Be a beginner. Avoid “expertise” :). Share your knowledge early when you have maximum empathy with others - you know the language it takes to educate them. You’re best positioned to have an impact one step ahead, not many steps ahead.

If you can stay a beginner, you will have mastered true “expertise” - the ability to use or discard your weak n=1 experience as needed. To be a visible presence in a field. Or to discard the field itself as a useless construct meant to protect the status of experts. To master learning itself, not the field.

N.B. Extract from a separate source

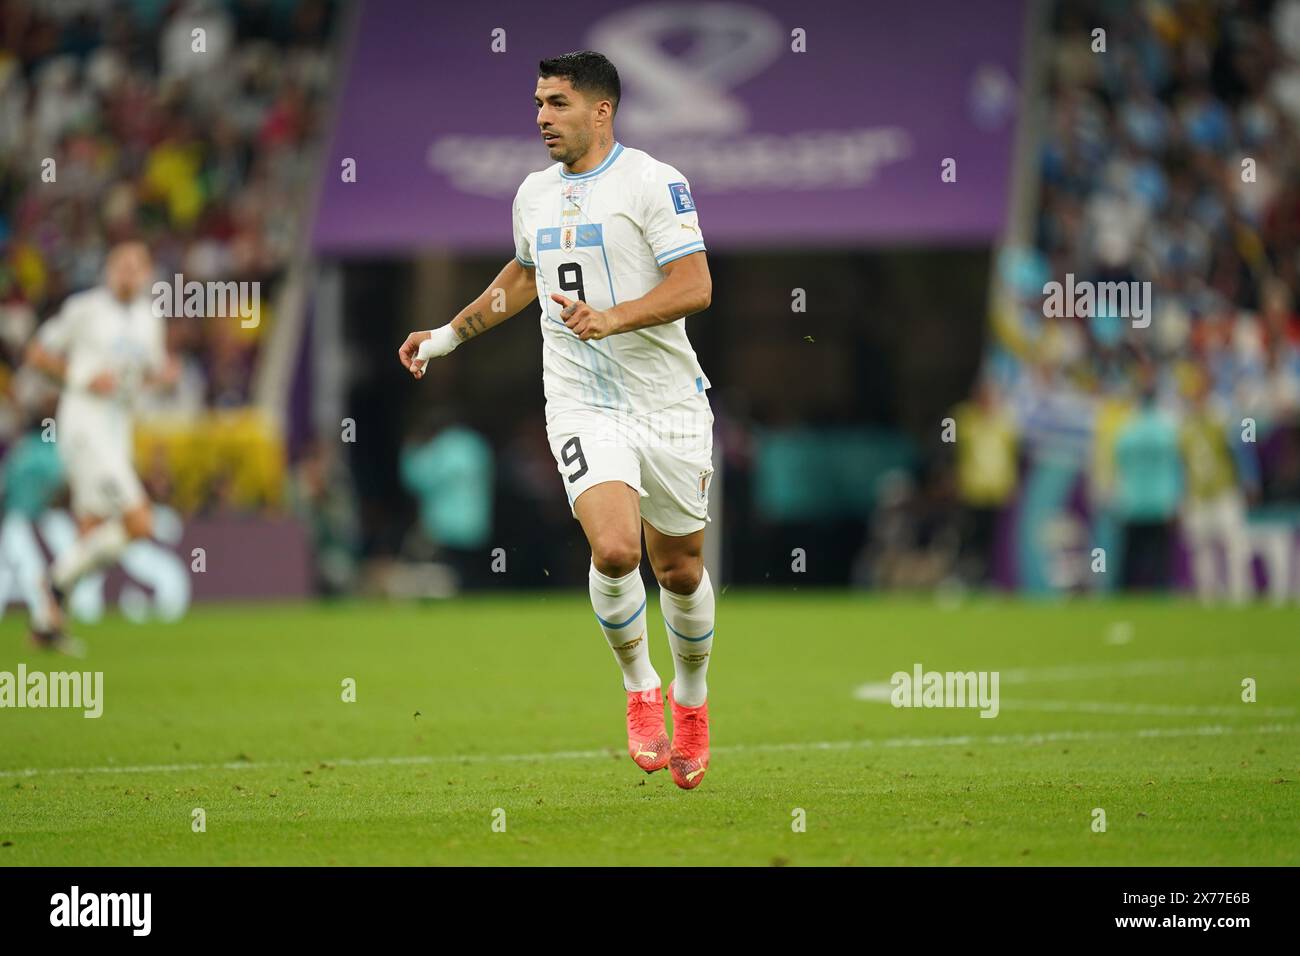 Lusail, Qatar. 28th November 2022. Luis Suarez in action during the match between Portugal vs. Uruguay, Group H, Fifa World Cup Qatar 2022. Stock Photo

The biggest true failures in my career have been forgetting to be a beginner. By resting on my laurels, I can get overly attached to my status and get knocked off my pedestal by actual disruption. It happens, we’re human. Can we pick ourselves back up and reorient ourselves to a place of vulnerability? A beginner status? How long can we harness that beginners mindset, despite feeling dumb, and even the ridicule of experts, to find real innovation?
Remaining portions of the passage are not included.